7th Circuit Employment Law Decisions: 2016 Year in Review

Here is a look back at 2016 7th Circuit employment law decisions, including significant trends and changes in employment law in the 7th Circuit, as well as a tally of decisions affirming and reversing summary judgments in employment law cases.  Notably, in 2016, the 7th Circuit affirmed orders of summary judgment in 22 employment law cases, but reversed orders of summary judgment in only 5 employment law cases (10 calendar days remain, so the numbers may change).  But as of this date the ratio is 4.4/1, i.e., 4.4 summary judgments were affirmed for every 1 summary judgment that was reversed.  Put another way, of the 27 employment law summary judgments on appeal to the 7th Circuit in 2016, 81.5% were affirmed, while 18.5% were reversed.  The 27 cases include employment discrimination, harassment, failure-to-accommodate, and retaliation claims under Title VII of the Civil Rights Act of 1964, the Age Discrimination in Employment Act, the Americans with Disabilities Act, the Family and Medical Leave Act, the Rehabilitation Act, Section 1981, the Illinois Human Rights Act, and Illinois common law.

The 5 reversals involved the following types of claims: (1) retaliation under Title VII and the Illinois Human Rights Act; (2) disability/failure to accommodate under the Rehabilitation Act (applying ADA caselaw); (3) ethnicity discrimination under Section 1981 and the Illinois Human Rights Act; (4) Illinois common law workers' compensation retaliatory discharge; and (5) reverse discrimination under Title VII and Section 1981.  The commonality, if there is one, is that there was enough evidence in each case to raise a doubt about the employer's motivation, such that a reasonable jury could find that the adverse employment action was motivated by the employee's protected class, protected activity, or other prohibited factor.
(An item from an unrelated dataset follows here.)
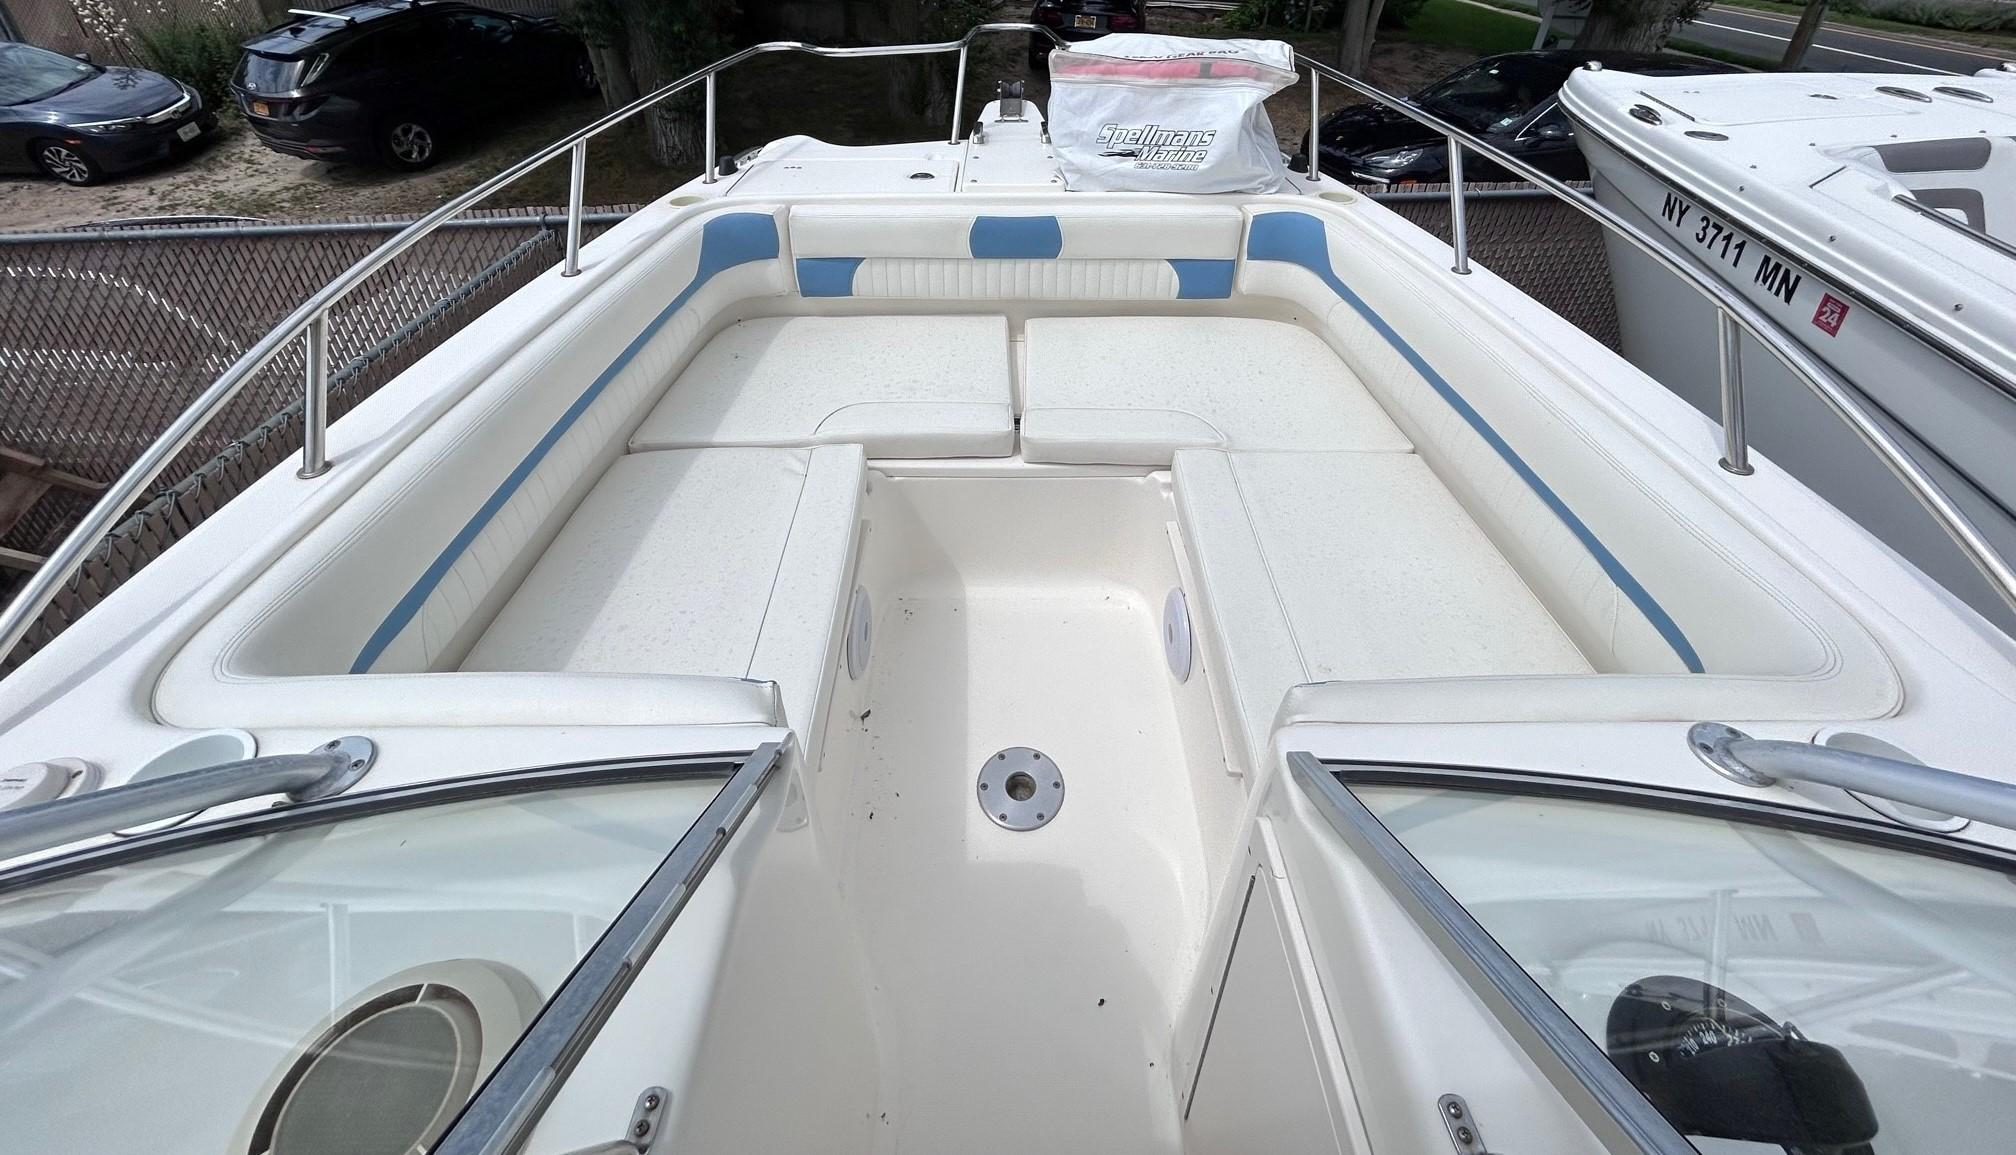 2007 World Cat 250 DC Saltwater Fishing for sale - YachtWorld

Speaking of the 'reasonable jury standard,' one of the most significant employment law decisions of 2016 was Ortiz v. Werner Enterprises, No. 15-2574 (7th Cir. 8/19/2016).  In Ortiz, the 7th Circuit did away once and for all with the direct and indirect methods of proof dichotomy as well as the 'convincing mosaic' standard of proof: "the 'rat's nest' of surplus 'tests' removed from the law of this circuit..." all evidence "belongs in a single 'pile' and must be evaluated as a whole...."  Moreover, "from now on, any decision of a district court that treats this phrase [convincing mosaic] as a legal requirement in an employment discrimination case is subject to summary reversal...."  No more separate direct and indirect methodology and analysis.  Instead, the test on summary judgment is whether a reasonable jury could find, based on all of the evidence in its totality, that the employment action in question resulted from an unlawful motivation.

A major employment law issue in 2016 is whether sexual orientation discrimination is covered under Title VII.  (It is under the Illinois Human Rights Act).  The EEOC says yes, but the 7th and other federal circuits have said no, creating a judicial conundrum.  The case everyone is watching is Hively v. Ivy Tech Community College, No. 15-1720 (7th Cir. 7/28/2016), in which the 7th Circuit held, back in July 2016, that sexual preference discrimination is outside of the coverage of Title VII.  However, on November 30, 2016, the 7th Circuit heard oral argument in an en banc  rehearing of Ortiz.  Based on the questions posed by the judges to the attorneys at the rehearing, there is speculation that the 7th Circuit may change direction and hold that sexual orientation discrimination is actionable under Title VII, which would be a front-runner for other federal circuits.

Another significant employment law development in 2016 is that the EEOC implemented new investigative procedures.  Now, for the first time, the charging party may obtain the respondent's position statement while the EEOC investigation is still pending, and, in addition, may file a written response to the position statement for the investigator's consideration.  This is a departure from the old days, when the charging party could only obtain the position statement after the EEOC investigation was closed, and even then only through a FOIA request.  Now the charging party has the opportunity to review and rebut the respondent's position statement.

What changes in employment law will occur in 2017 with the new Presidency?  It will surely be interesting.